W.C. No. 4-781-144.Industrial Claim Appeals Office.
May 11, 2010.
FINAL ORDER
The claimant seeks review of an order on remand of Administrative Law Judge Friend (ALJ) dated January 12, 2010 that determined that the non-insured employer is liable for medical benefits, for temporary total disability benefits, and for penalties for failure to insure. We modify the ALJ’s order to reflect that payments of medical bills should be pursuant to the fee schedule and otherwise we affirm.
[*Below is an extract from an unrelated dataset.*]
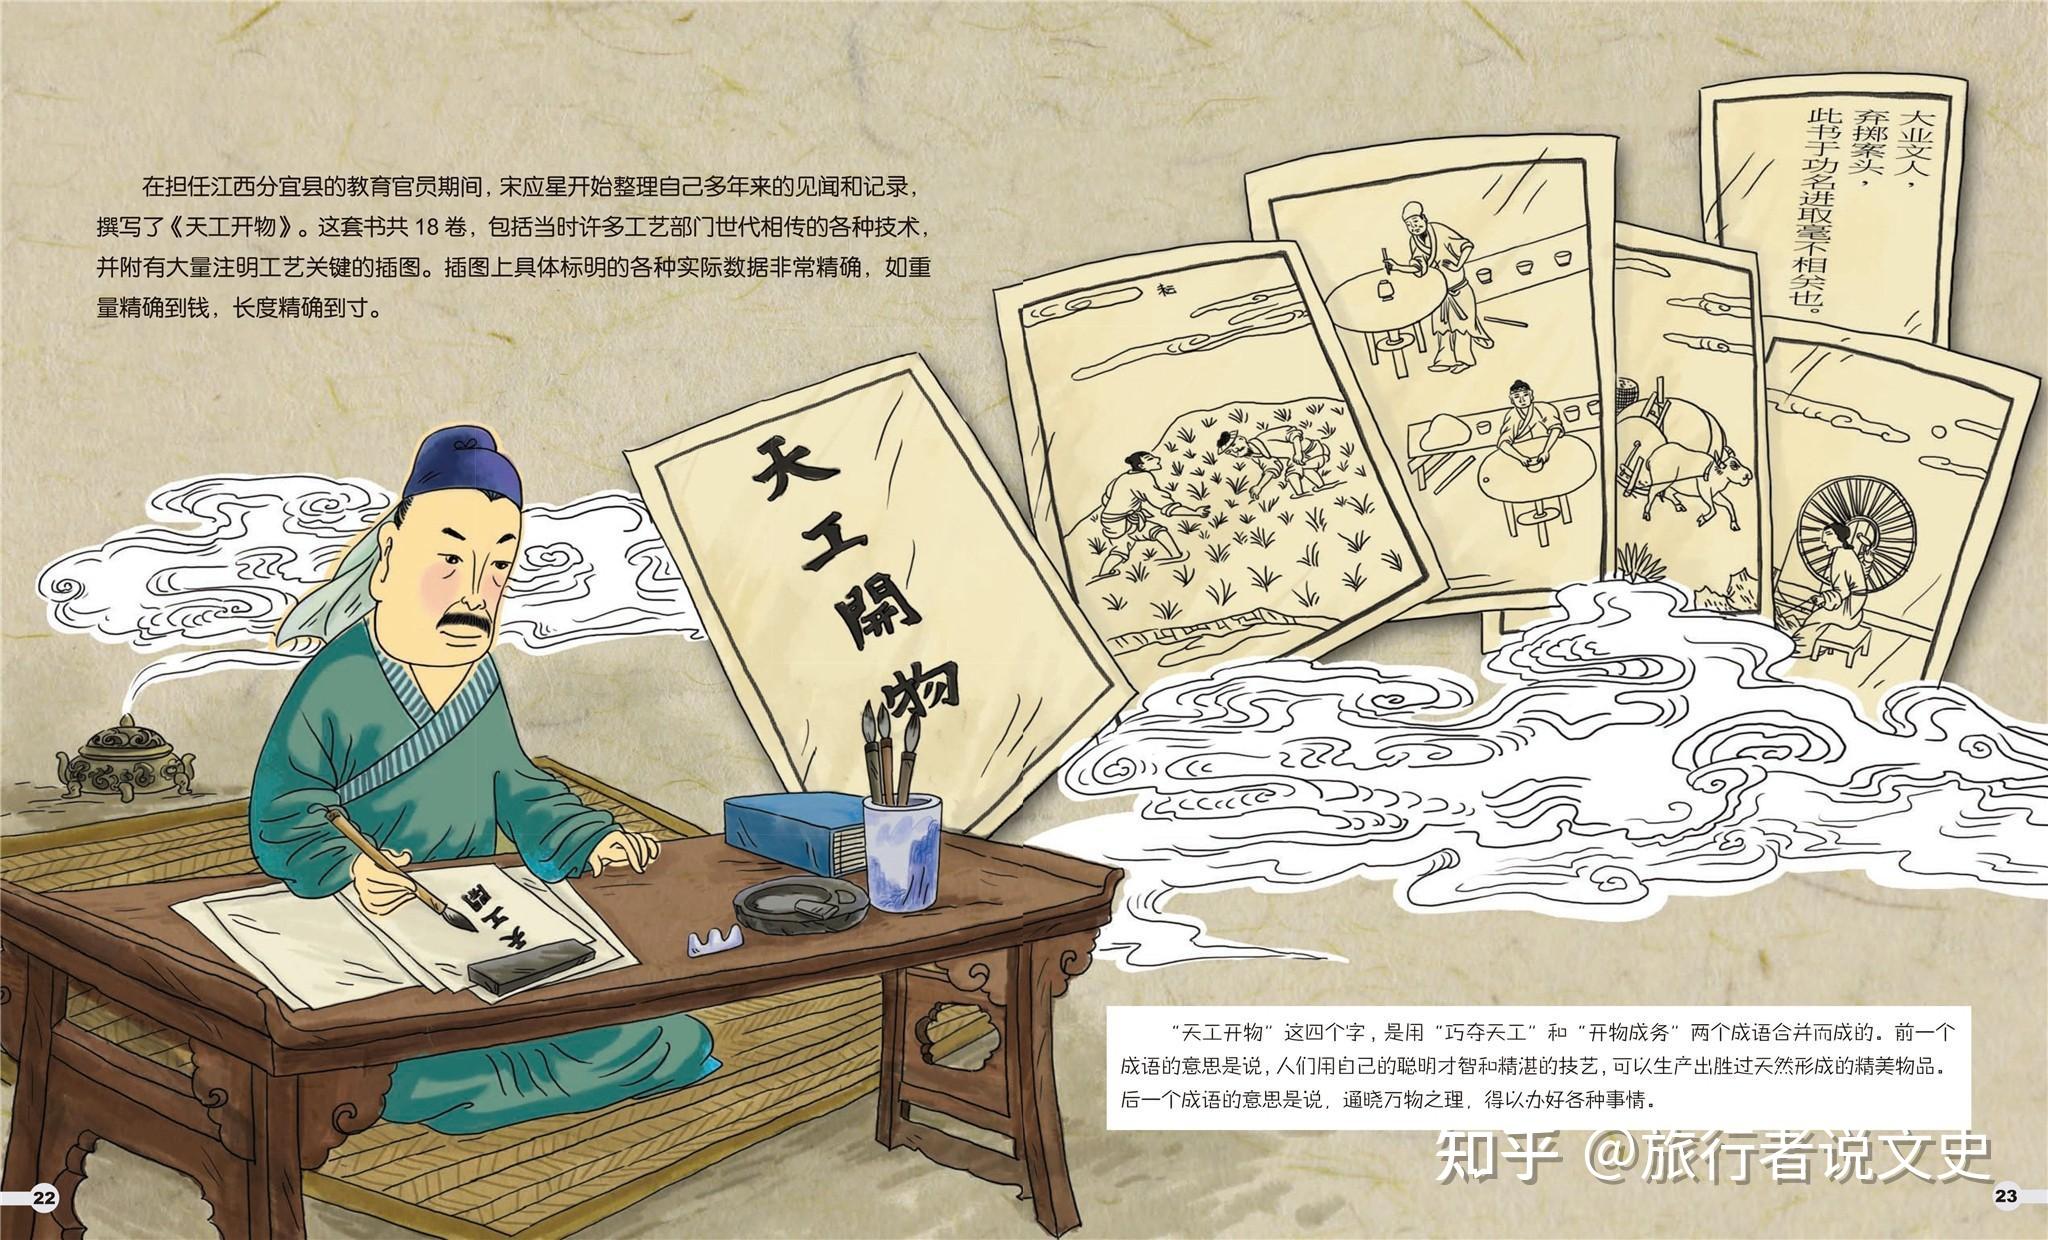 李晨教授设计的第9套邮票《中国古代科学家及著作（一）》纪念邮票将于2018年5月26日首发-鲁迅美术学院

This matter was previously before us. In an order dated June 9, 2009, the ALJ found that the claimant was injured while performing services in connection with six horses owned by the employer. The ALJ concluded that the claimant’s labor was casual and that she was therefore excluded from the definition of employee under the Workers’ Compensation Act. The ALJ therefore denied the claim for compensation. In an Order of Remand dated November 19, 2009, we concluded that the ALJ erred in determining that the claimant’s labor was casual. Therefore, we reversed the ALJ’s order and remanded for a determination of the compensation, benefits, and penalties, if any, for which the respondent was liable.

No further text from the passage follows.